* **PROBLEM**
Word for word, restate the lines of the data below between those holding "Creative-Fingerpicking-Guitar-Chord-Progression" and "Llinatex fabricantes de", inclusive; pictures do not belong in the copy.

* **SUPPLIED INFORMATION**
↓

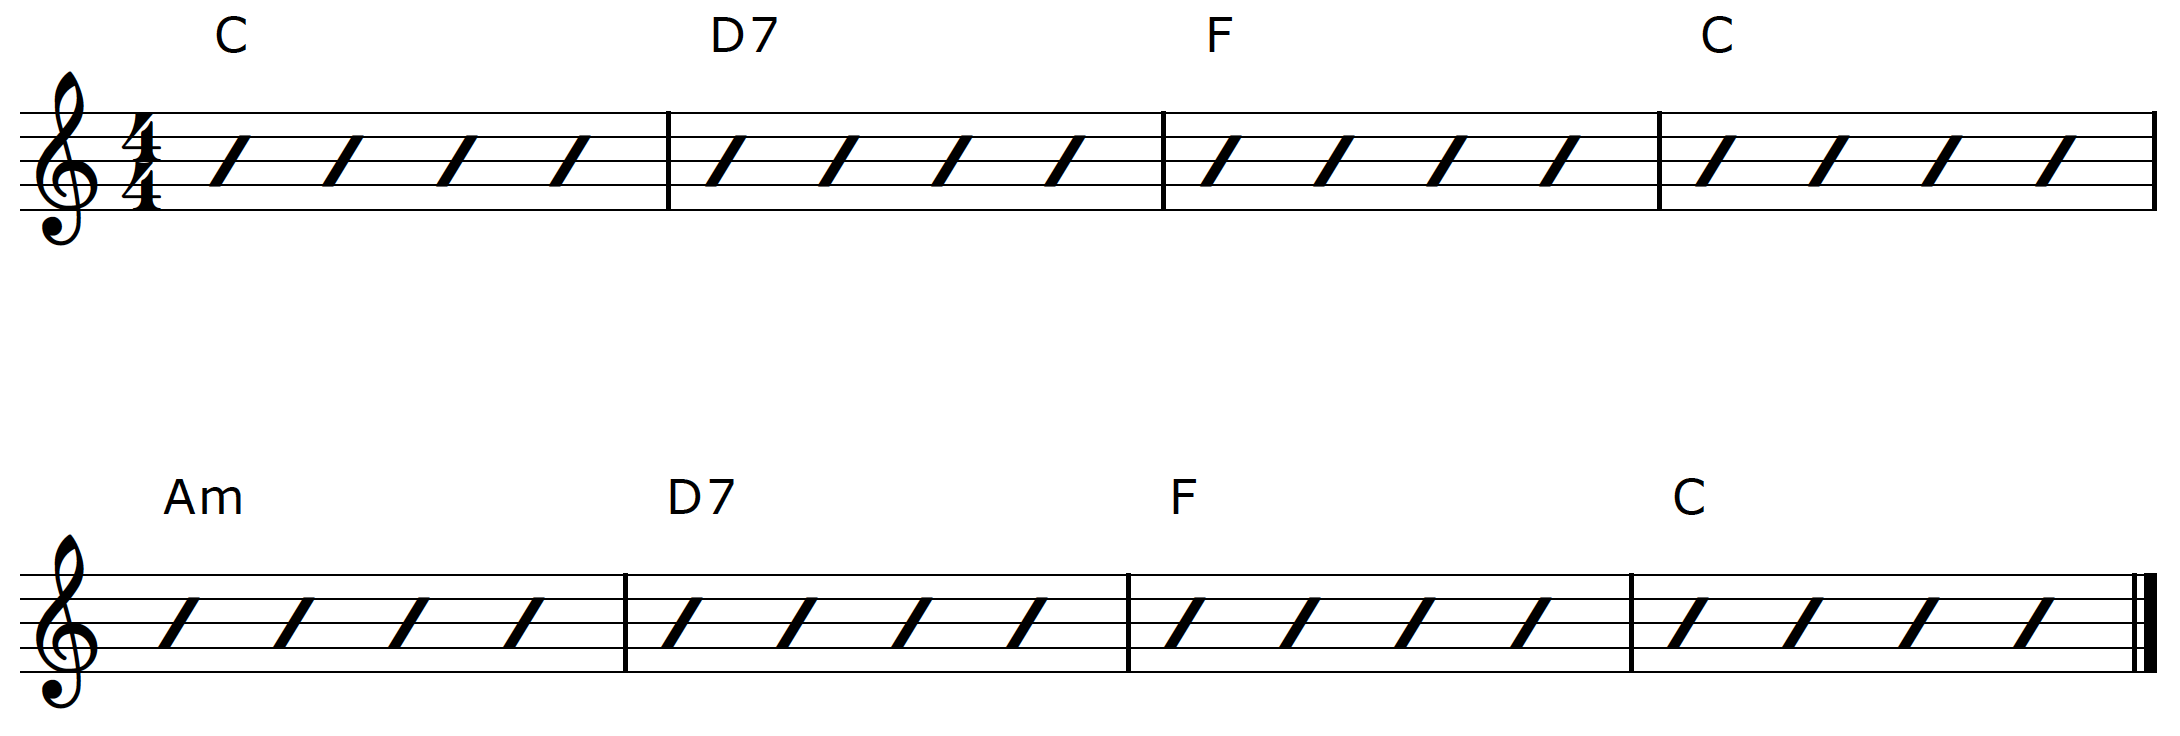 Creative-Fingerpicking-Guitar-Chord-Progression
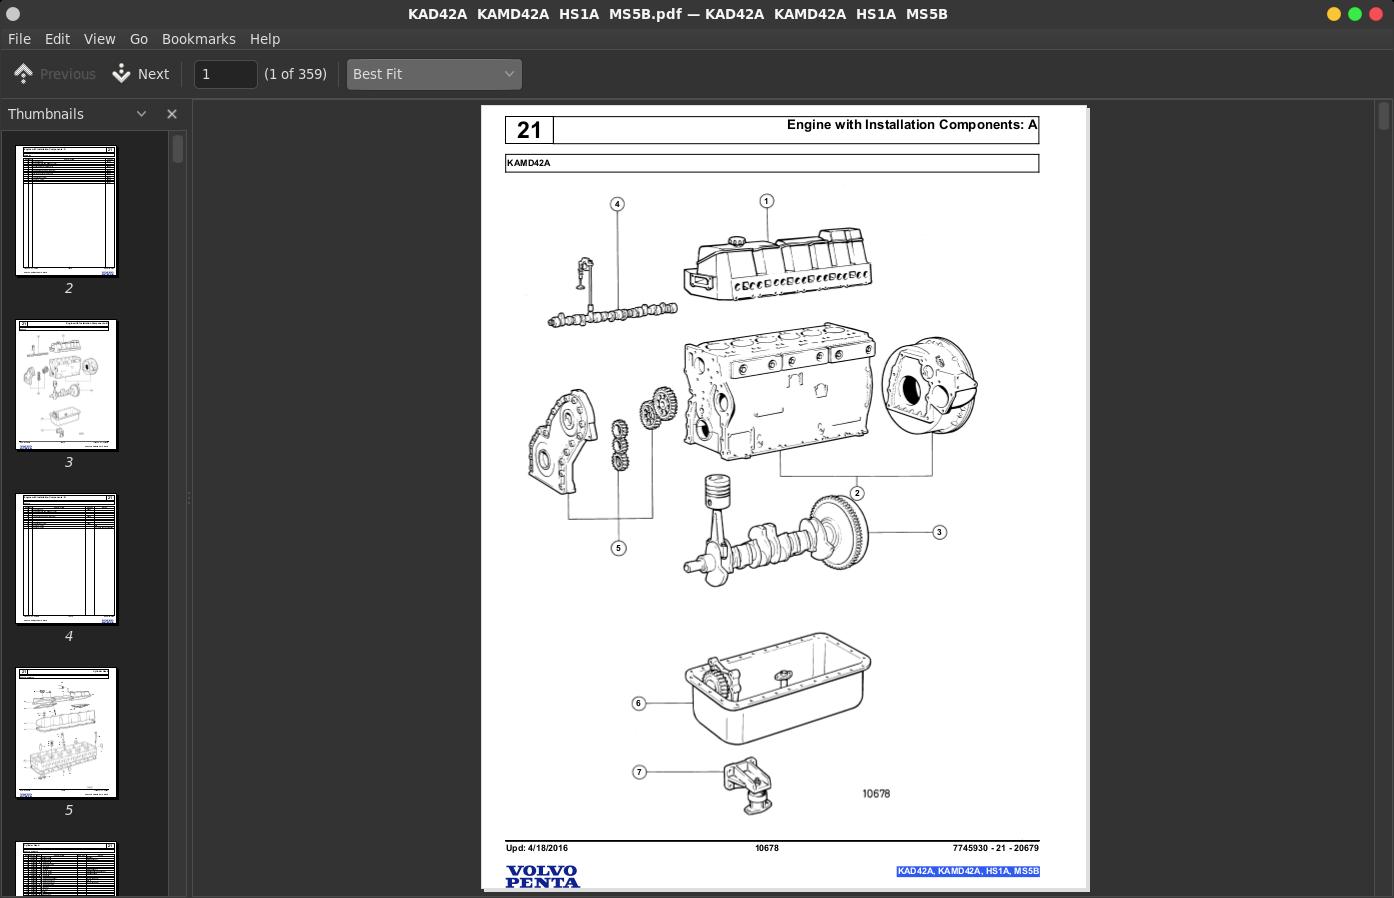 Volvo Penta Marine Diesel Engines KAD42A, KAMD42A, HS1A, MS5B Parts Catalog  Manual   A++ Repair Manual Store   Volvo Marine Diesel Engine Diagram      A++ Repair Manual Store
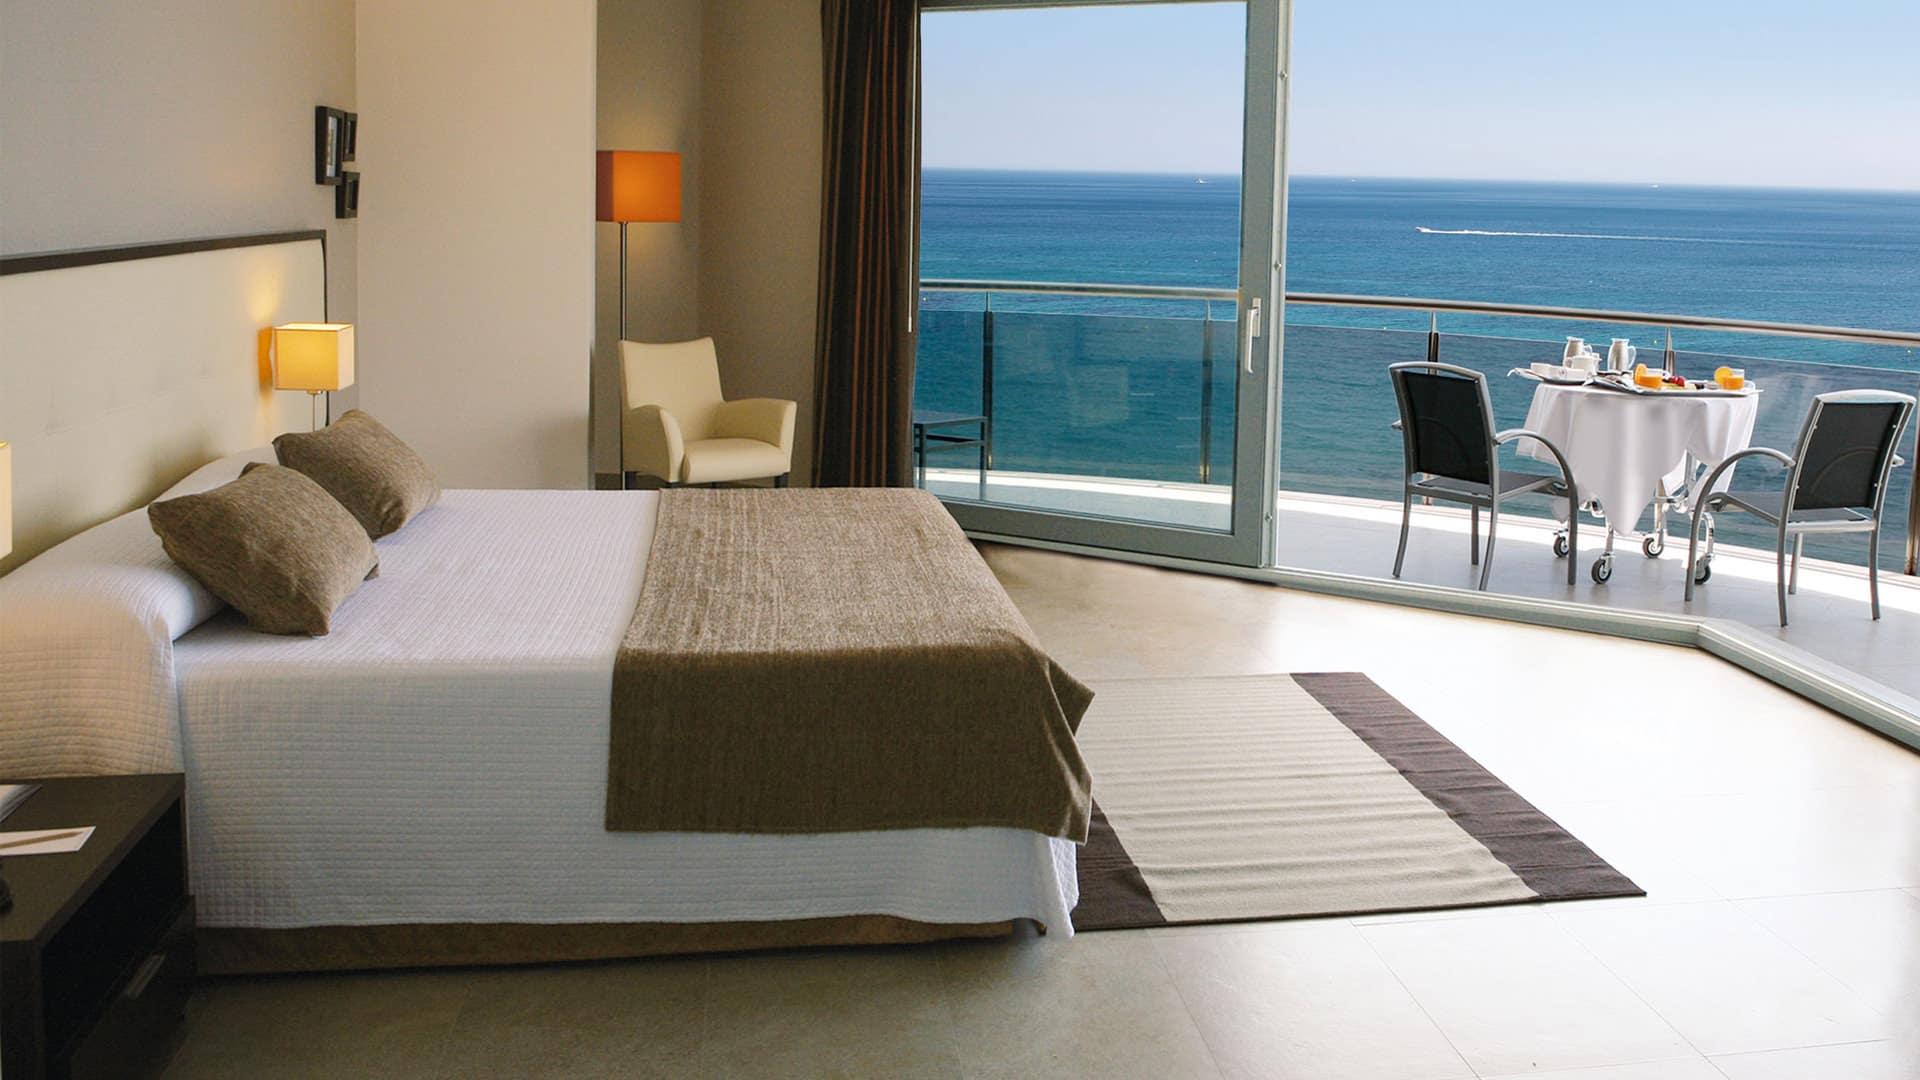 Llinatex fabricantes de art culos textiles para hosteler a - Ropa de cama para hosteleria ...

↑
↓

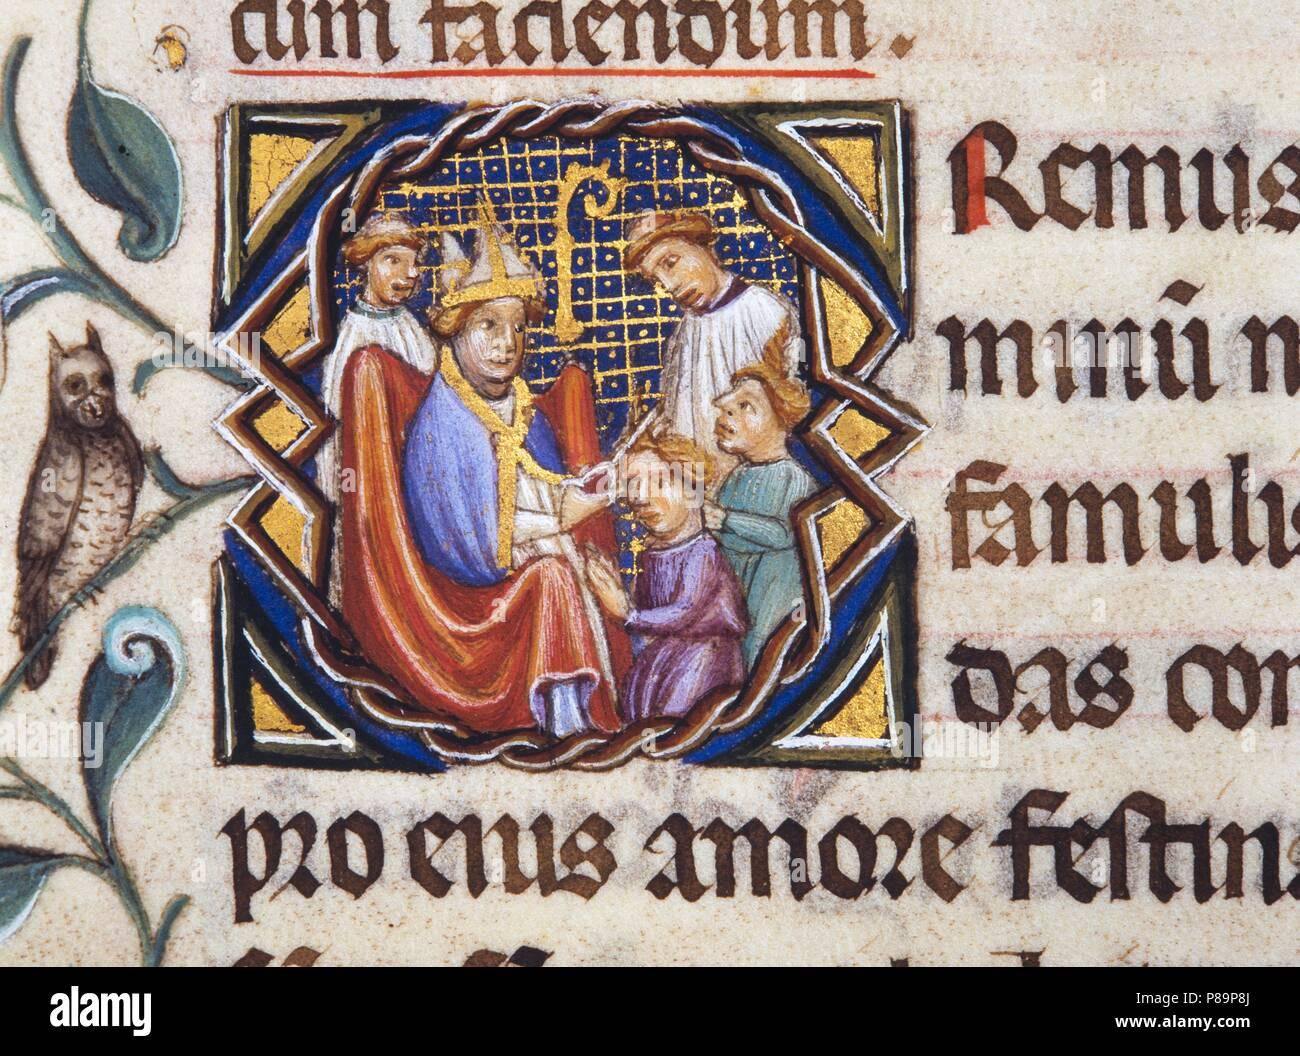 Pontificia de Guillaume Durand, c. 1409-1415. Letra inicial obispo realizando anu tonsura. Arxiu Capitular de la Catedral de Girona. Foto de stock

↑

* **WRITTEN RESPONSE**
 Creative-Fingerpicking-Guitar-Chord-Progression
 Volvo Penta Marine Diesel Engines KAD42A, KAMD42A, HS1A, MS5B Parts Catalog  Manual   A++ Repair Manual Store   Volvo Marine Diesel Engine Diagram      A++ Repair Manual Store
 Llinatex fabricantes de art culos textiles para hosteler a - Ropa de cama para hosteleria ...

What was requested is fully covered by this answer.